Background

Computerized analysis of maternal heart rate (MHR) recordings obtained by electrocardiography (ECG) may help in the assessment of different clinical maternal-fetal conditions, during the antepartum period (DiPietro et al. 2003; Lao et al. 2009; Pinto et al. 2014; Söhnchen et al. 2011; Tejera et al. 2011; Van Leeuwen et al. 2009; Weissman et al. 2009) and in the detection of MHR-fetal heart rate (FHR) ambiguities during labor (Bernardes and Ayres-de-Campos 2012; Hanson 2010; Murray 2004; Sherman et al. 2002).

In clinical practice, however, it is not always possible to obtain MHR recordings with ECG during labour, because many fetal monitors do not incorporate this technology, and some healthcare professionals and laboring women think it is unnecessary and interferes with the physiological experience of childbirth. Alternatively, MHR can be obtained with a pulse oximetry sensor and photoplethysmography (PPG), using monitors that have been integrated or are coupled to fetal monitors. Continuous monitoring of maternal oxygen saturation is required in some clinical situations during labor, and some women find it more comfortable than chest electrodes.

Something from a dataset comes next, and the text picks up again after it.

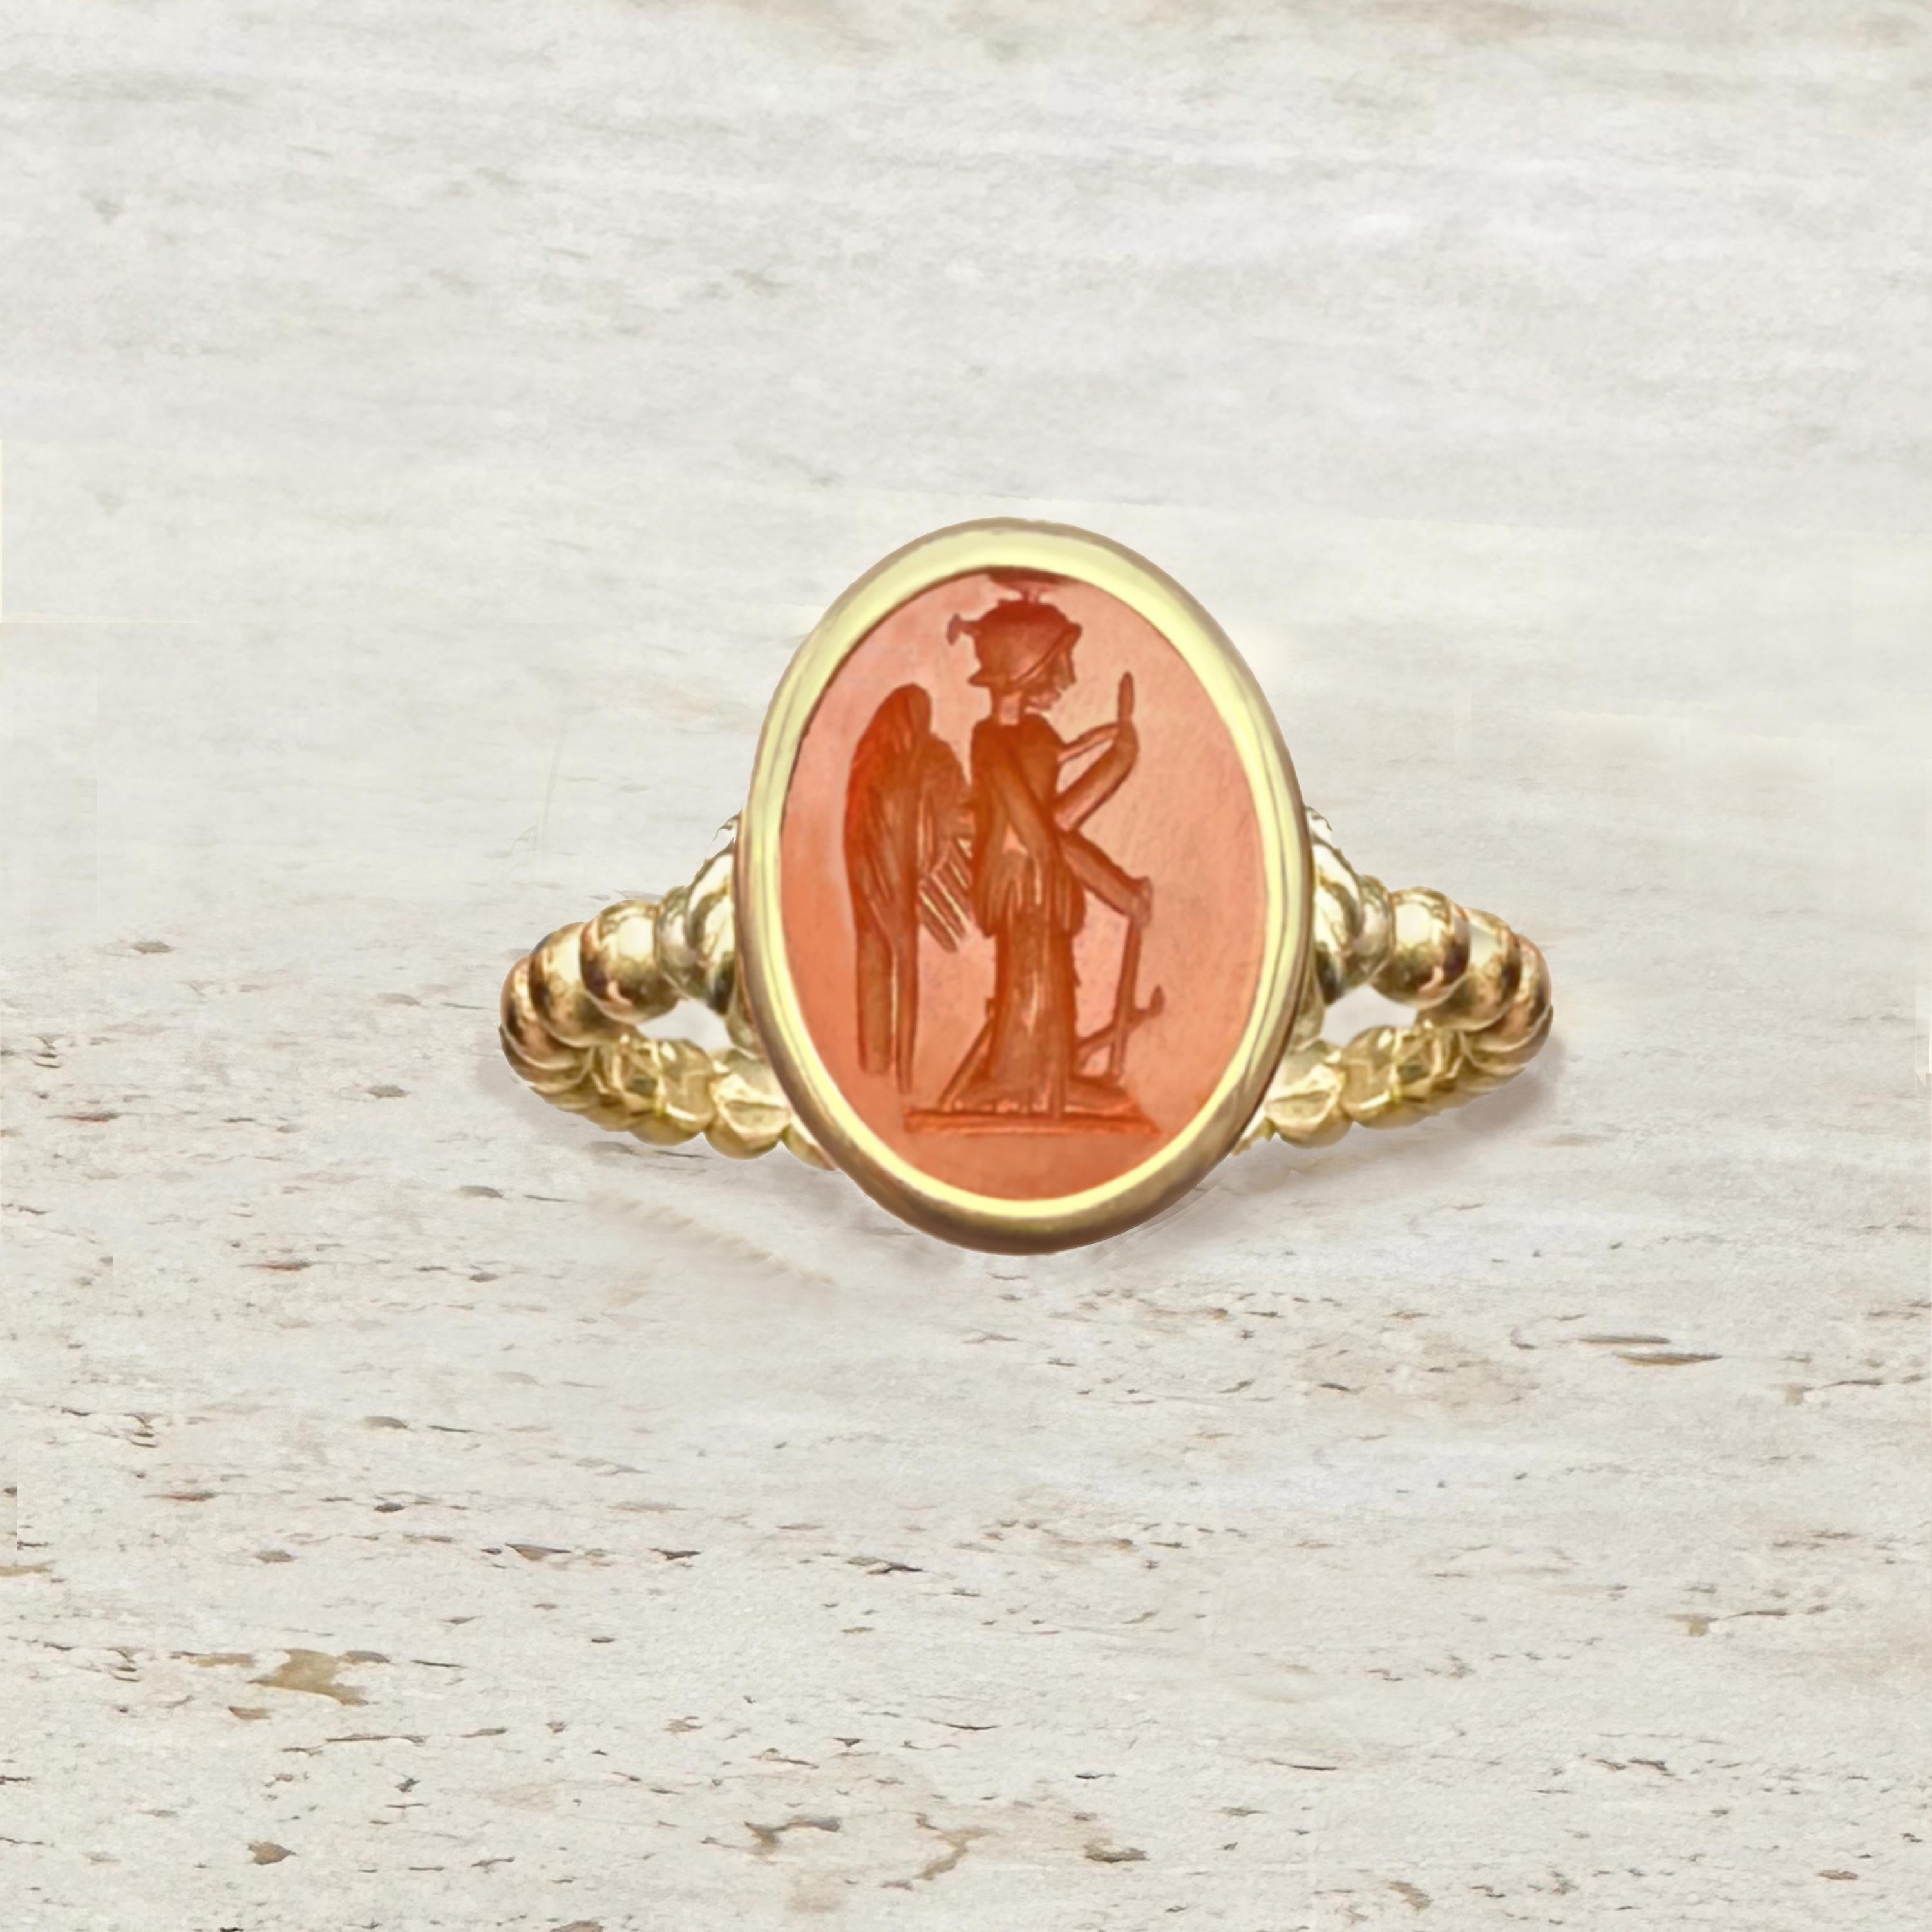 Classical Roman Genuine Roman intaglio 1st-2nd cent. AD 18 kt Gold Ring depicting Goddess Athena For Sale

Moreover, some fetal monitors have recently incorporated pulse oximetry into the tocodynomometer sensor, so MHR can be obtained with no extra equipment. However, there is no data on whether MHR analysis is equivalent when obtained with ECG or PPG.

MHR acquired either by ECG or PPG is transmitted to fetal monitors, which store FHR and MHR simultaneously, typically at a same regular time basis, by means of signal interpolation (STAN Service Manual 2005). However, the heart rate (HR) obtained with PPG is less accurate than that acquired with ECG (Lu and Yang 2009), particularly during exercise (Iyriboz et al. 1991). Similarly, this may also happen in other situations of increased physical effort, namely during labor.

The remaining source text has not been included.